Many acted surprised that I asked that.
One nearby dentist had a special deal.
But before I took that deal, I needed another service.
I asked their price for re-gluing a crown that fell off on Sunday.
They told me $150.
I was shocked and told them I paid $75 at my old dentist,
who had moved away.

They wanted my business, and offered the service for $75.

I went in, got a lot of attention, and a very detailed explanation of why that crown
was likely to fall off again in a year or two (which I already knew from other dentists).

50% savings just for asking for a better price on the phone.

I live in the same wealthy neighborhood where the dentist is located.
People here would pay $150 for 15 minutes to re-glue a crown without blinking.
But I have the smallest home in the village, retired very young, and watch my spending.

The first problem with medical care is almost no one cares about the prices!
Doctors / dentists act shocked when I ask first !

The second problem with medical care was observed firsthand recently,
when we lost my wife's mother AND father a few months apart -- both over 90.

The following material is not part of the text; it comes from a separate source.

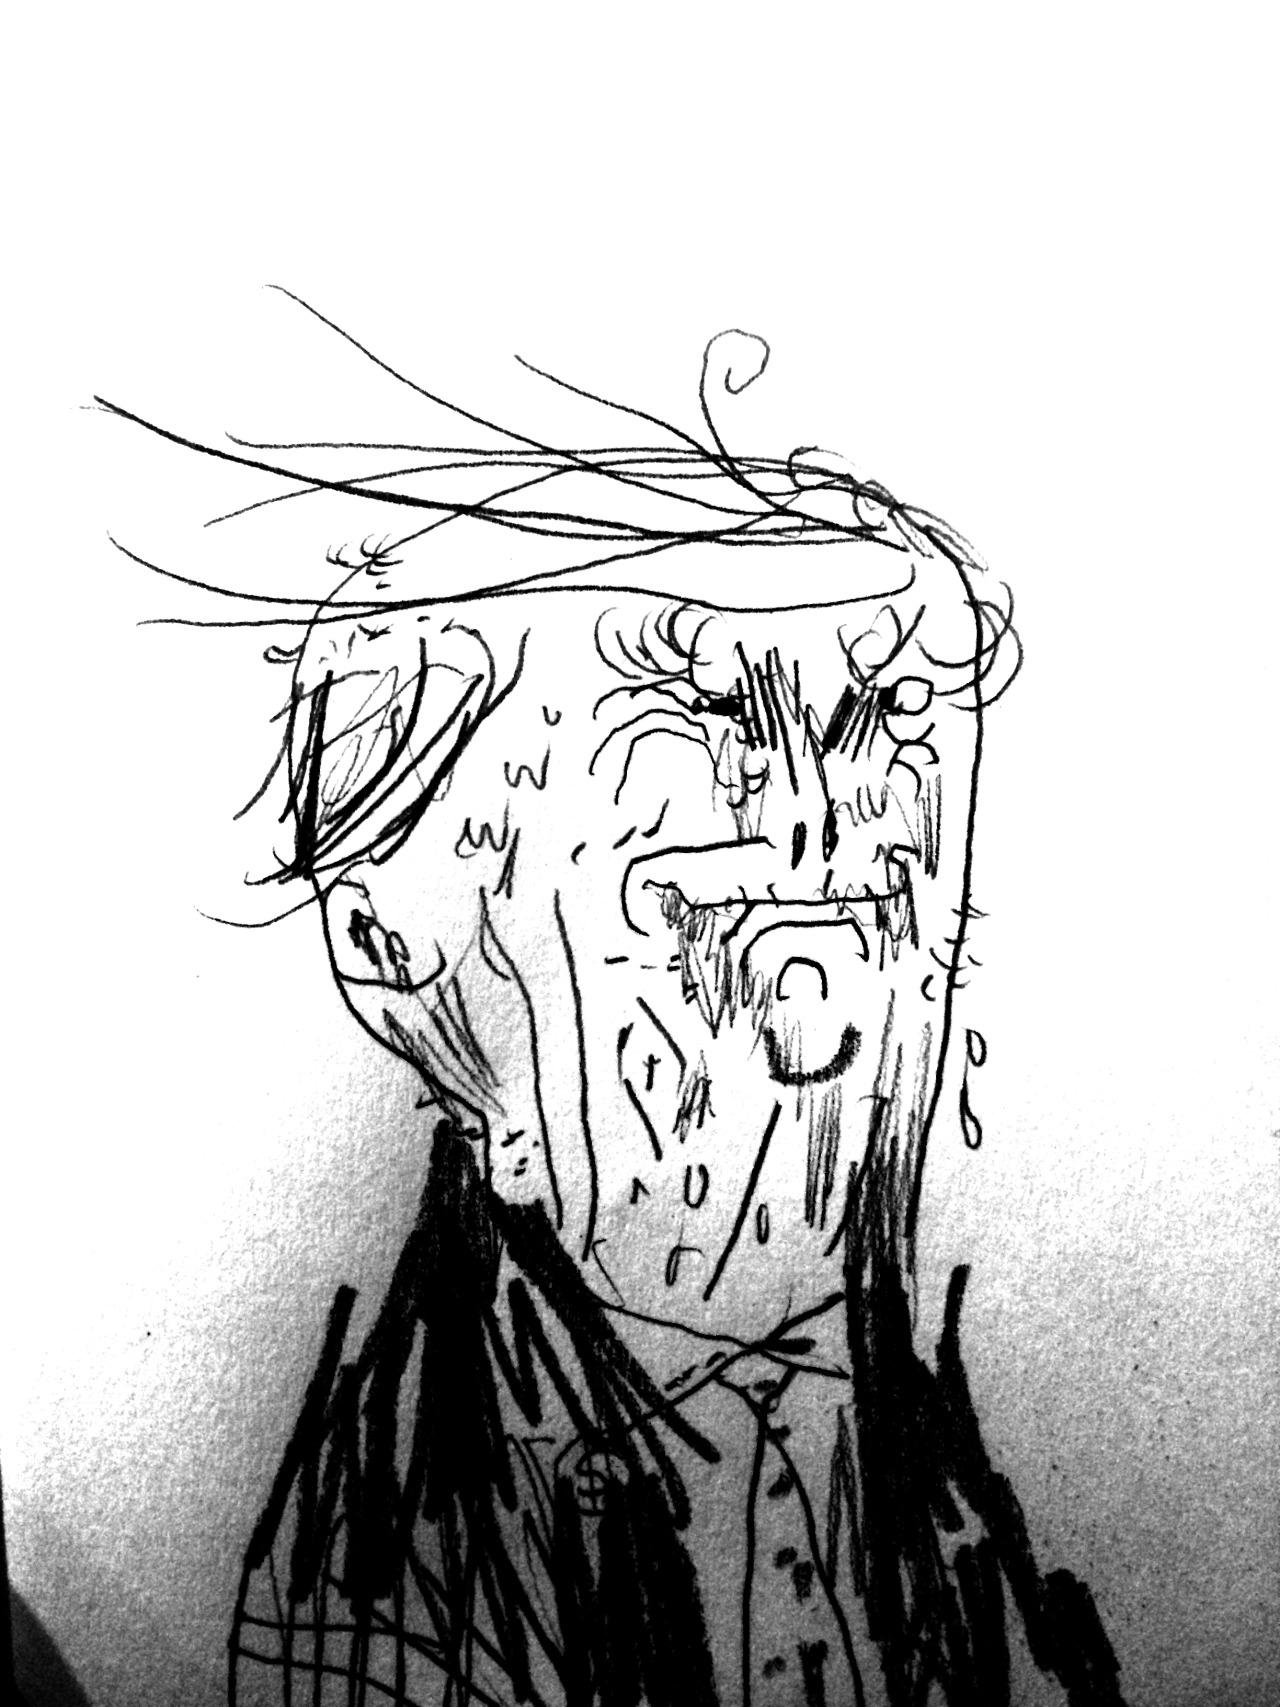 El primer dibujo de Craghead para el proyecto 'TrumpTrump' - Warren Craghead - Imagen: trumptrump.tumblr.com
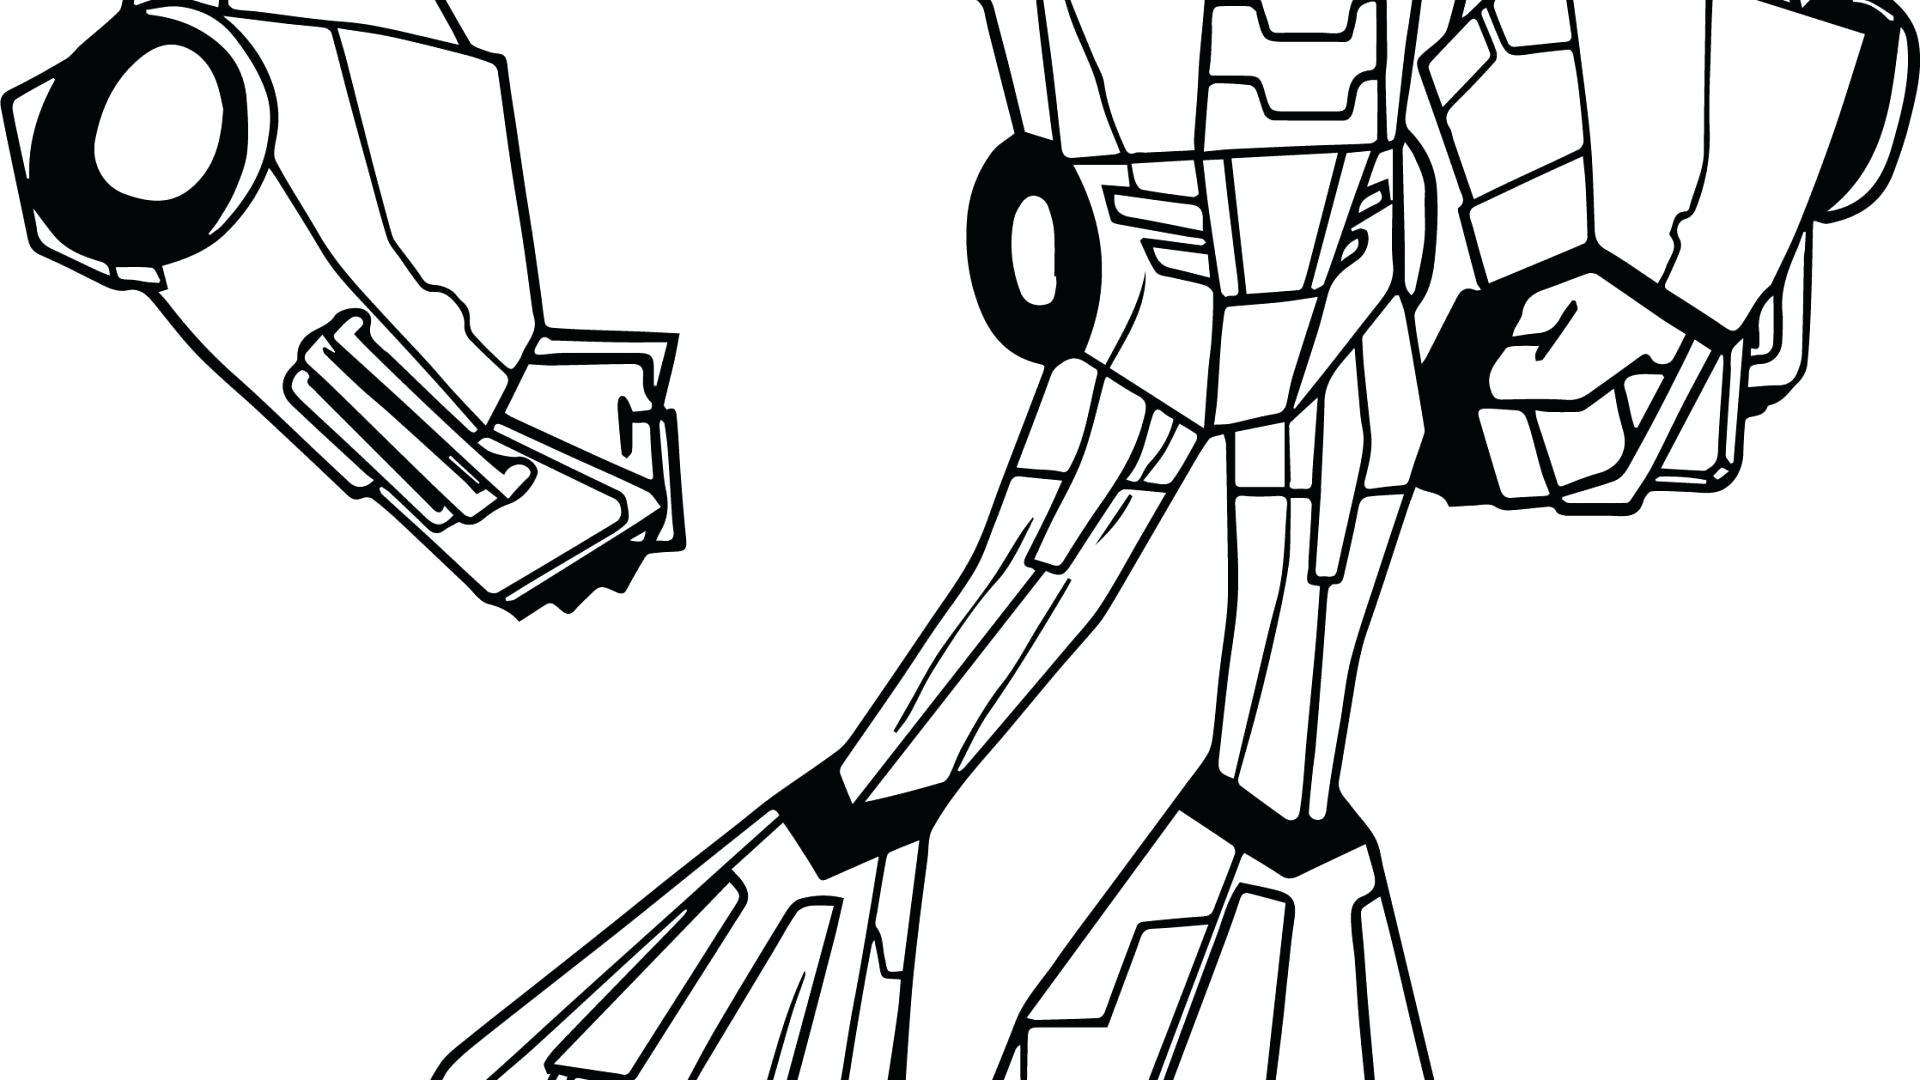 Transformers Optimus Prime Drawing At Getdrawings

There is a huge amount of money spent to keep very old people
alive a few months longer after a stroke, dementia, etc. that make no sense.

My wife had to intervene to get treatment stopped and let her parents die
at the appropriate time. There is a huge amount of money wasted
in the last six months of life (I once read almost 25% of Medicare spending)
on people whose quality of life is so low they don't want to live on,
although are reluctant to tell that to their children, or are "out of it"
and can't communicate. Forget about the money / saving --
we would never let our favorite household pets suffer like that before death.

Unknown said...
This comment has been removed by the author.
Scott Grannis said...

Re Canadians getting healthcare in the US. I spent a few minutes doing a Google search and found the following article which substantiates the claim that many Canadians seek healthcare outside their country due to long wait lists for treatments.

http://dailycaller.com/2012/07/11/report-thousands-fled-canada-for-health-care-in-2011/

But the more important issue is that it is virtually certain that a single payer system that seeks to control costs, as Canada's does, will inevitably have to ration healthcare.

A free market "rations" goods and services by finding costs which most effectively match supply and demand. Shortages lead to higher prices, which then attract more supply. Free markets are the best system ever invented for creating abundant access to goods and services for the greatest number of people.